U.S. Army Gen. Michael X. Garrett, the U.S. Army Forces Command leader, honors 2004 Norwich University graduate who died while deployed with the Army in Iraq

U.S. Army Gen. Michael X. Garrett honored a fallen Norwich University graduate and dispensed leadership advice Tuesday, reminding the Corps of Cadets that leading starts with minding details, sometimes as trivial as collecting trash.

Garrett, the commanding general of U.S. Army Forces Command, visited campus to train, eat and talk with the Corps of Cadets and honor U.S. Army Sgt. Adam Kennedy, a 2004 Norwich graduate and former Mountain Cold Weather Company member who died April 8, 2007, in Al Diwaniyah, Iraq.

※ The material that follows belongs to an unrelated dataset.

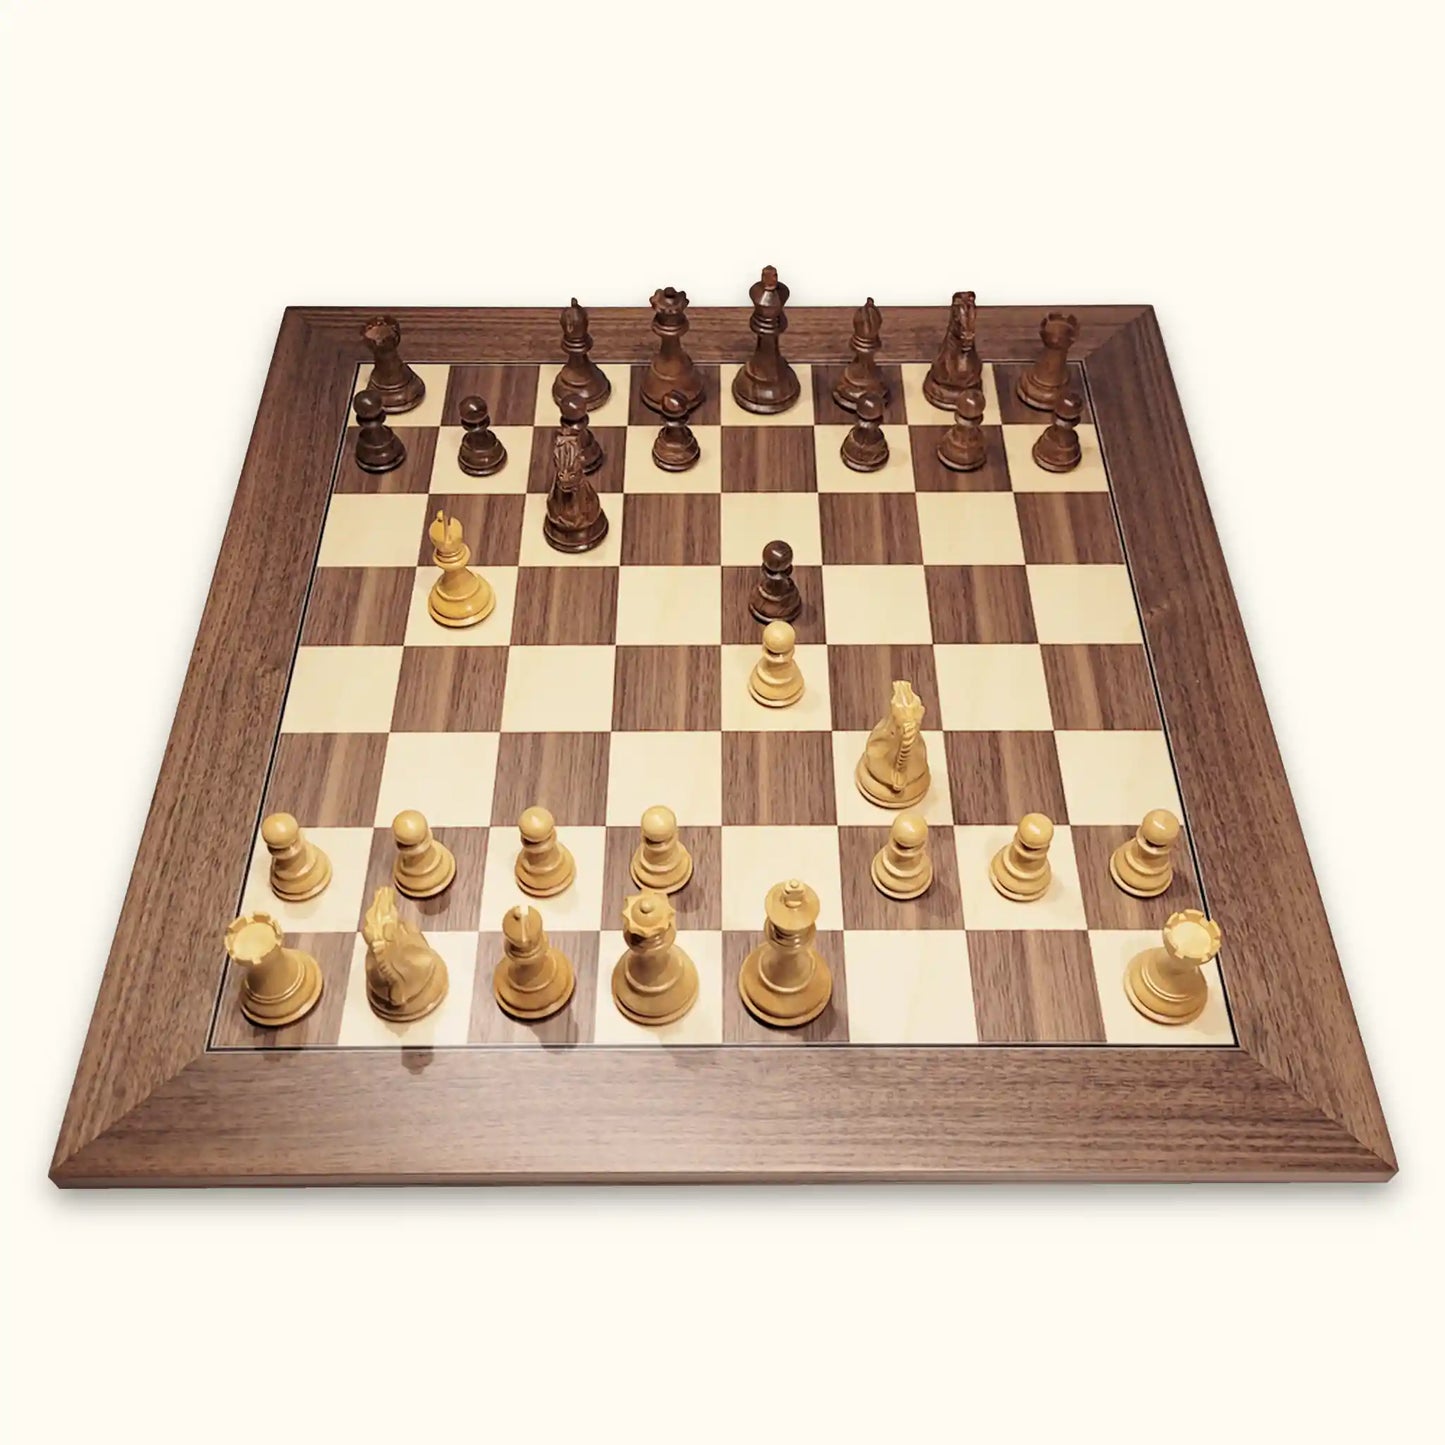 Chess set london at dawn with chess pieces supreme and chessboard walnut deluxe top view

Garrett’s speech at Plumley Armory gave Norwich two four-star U.S. Army generals’ visits in two weeks. Gen. Paul E. Funk II, the U.S. Training and Doctrine Command commander, spoke at Shapiro Field House on Oct. 19. Like his close friend Funk, Garrett is an U.S. Army leader’s son; Garrett’s first Army sergeant major was his father.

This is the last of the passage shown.